“Senhorita Holmes”, perguntou ela com um leve sotaque francês. “Sim”, Victoria se virou. “Meu nome é Isabel Durán. Eu estava naquele voo de Londres para Nysa, um ano e meio atrás. Vi como a trataram.” A mulher pegou a mão de Victoria. “Quero me desculpar. Eu não a defendi na época, não disse uma palavra, apenas fiquei sentada observando como todos os outros.” Victoria apertou a mão dela. “Você não precisa se desculpar”, disse ela gentilmente. “Eu não tinha como saber o que estava acontecendo. Ninguém tinha como saber.”
Mas quando a vi naquela conferência de imprensa na televisão, entendi quem ela era. Fiquei tão envergonhada. Isabel Soló. Ela era tão jovem, tão confusa, e todos nós apenas assistimos, sem intervir. Tudo isso agora é passado. Victoria a abraçou. O que importa não é o que aconteceu então, mas o que aconteceu depois. Todos nós aprendemos, crescemos, nos tornamos melhores. E a presença dela aqui hoje, suas palavras, significam muito para mim. Obrigada por ter coragem de me ajudar. Isabel sorriu em meio às lágrimas. Agora eu simplesmente voo.
“Adoro suas asas”, admitiu ela. “E digo a todos os meus amigos que eles têm uma companhia maravilhosa. Você é uma mulher incrível, Victoria Río. Por isso, sou duplamente grata pela sua confiança e pelas suas recomendações. Você é uma verdadeira embaixadora da marca.” Elas conversaram por mais um tempo. Depois, Isabel saiu com os amigos. Victoria, com uma taça de champanhe na mão, observou a sala. Havia pessoas que dirigiam as maiores companhias aéreas da Europa, e todas a parabenizavam.
A jovem que, apenas um ano e meio antes, havia sido humilhada publicamente, agora recebia a maior honraria do ramo. Naquela noite, Victoria voltou para o quarto do hotel com o troféu nas mãos. Sentou-se na beira da cama e ligou para a mãe. “Mãe, nós ganhamos!”, disse ela quando Isabel atendeu. “Eu sei, querida. Assisti à transmissão ao vivo.” A voz da mãe transbordava orgulho. “Seu discurso foi lindo. Papai estaria tão orgulhoso de você.”

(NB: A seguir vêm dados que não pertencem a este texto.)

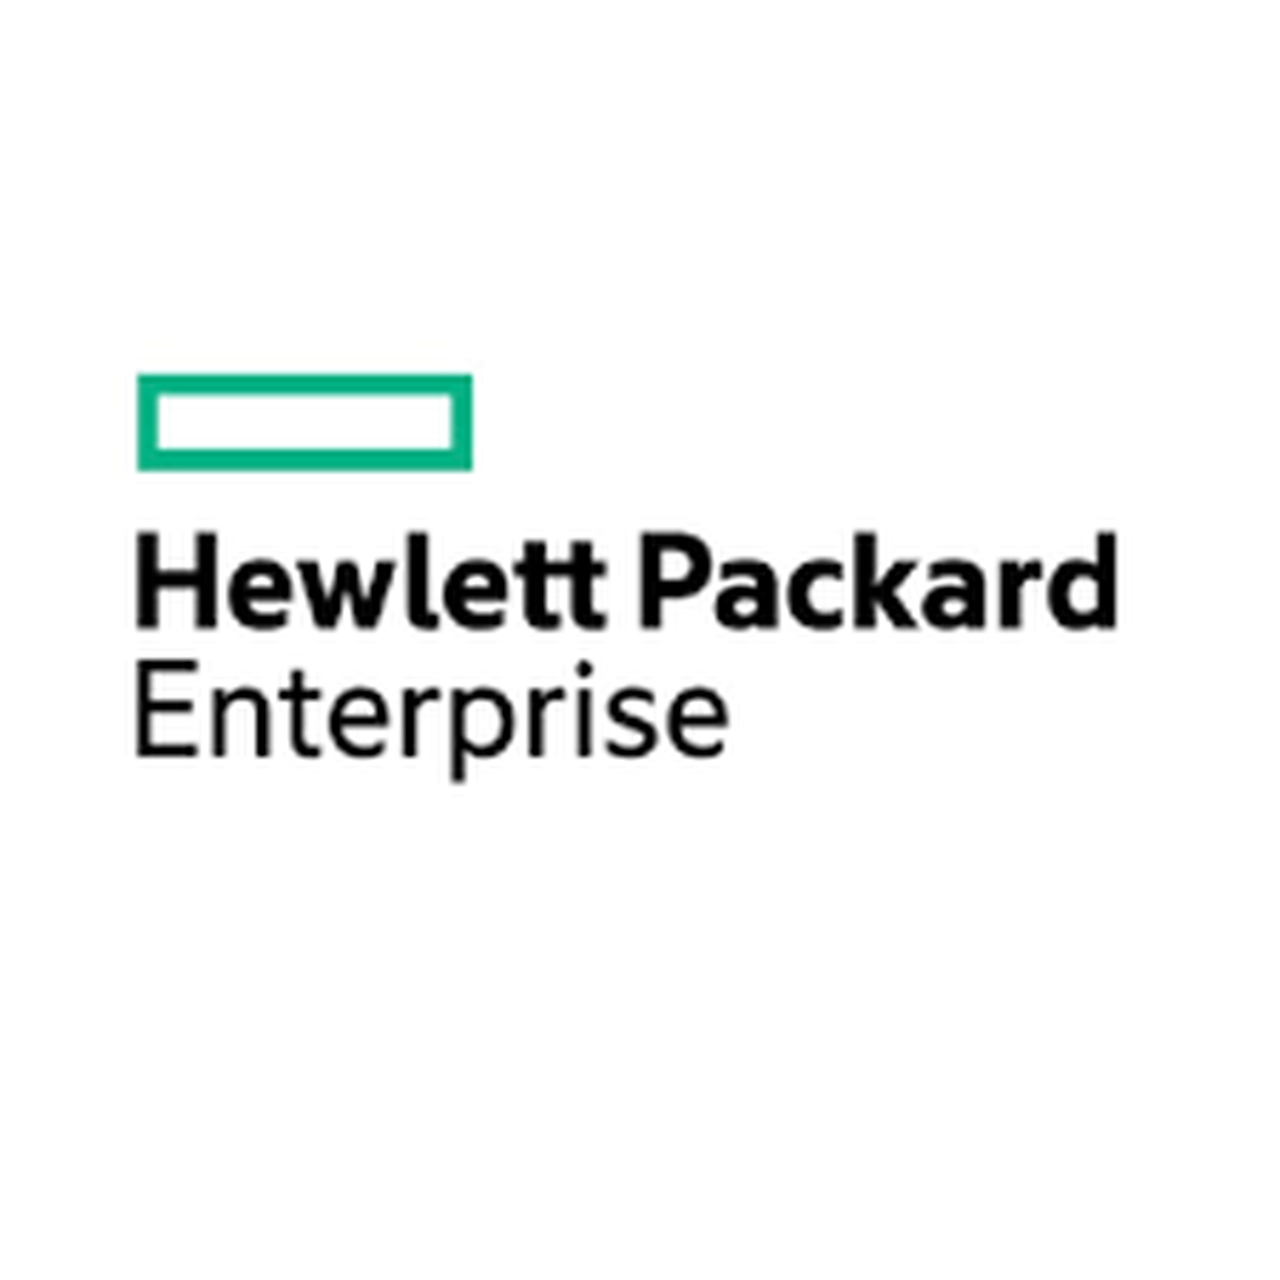 HPE 1 Year Post Warranty Foundation Care, Next Business Day wCDMR BL2x220c G7 Service

“Espero que sim”, sorriu Victoria. “Trabalhei tanto para fazer da empresa o que ele idealizou. Você fez mais do que ele jamais sonhou.” Isabel disse com sinceridade: “Você não só preservou o legado dele, como o expandiu, elevando-o a um novo patamar. Você transformou a Asure Wings não apenas em uma empresa de sucesso, mas em um símbolo de qualidade e humanidade na aviação. Isso é mais do que um negócio, Vicky. É uma missão, e você está cumprindo-a brilhantemente.” Após a conversa com a mãe, Victoria sentou-se por um tempo junto à janela, contemplando as luzes de Bruxelas à noite.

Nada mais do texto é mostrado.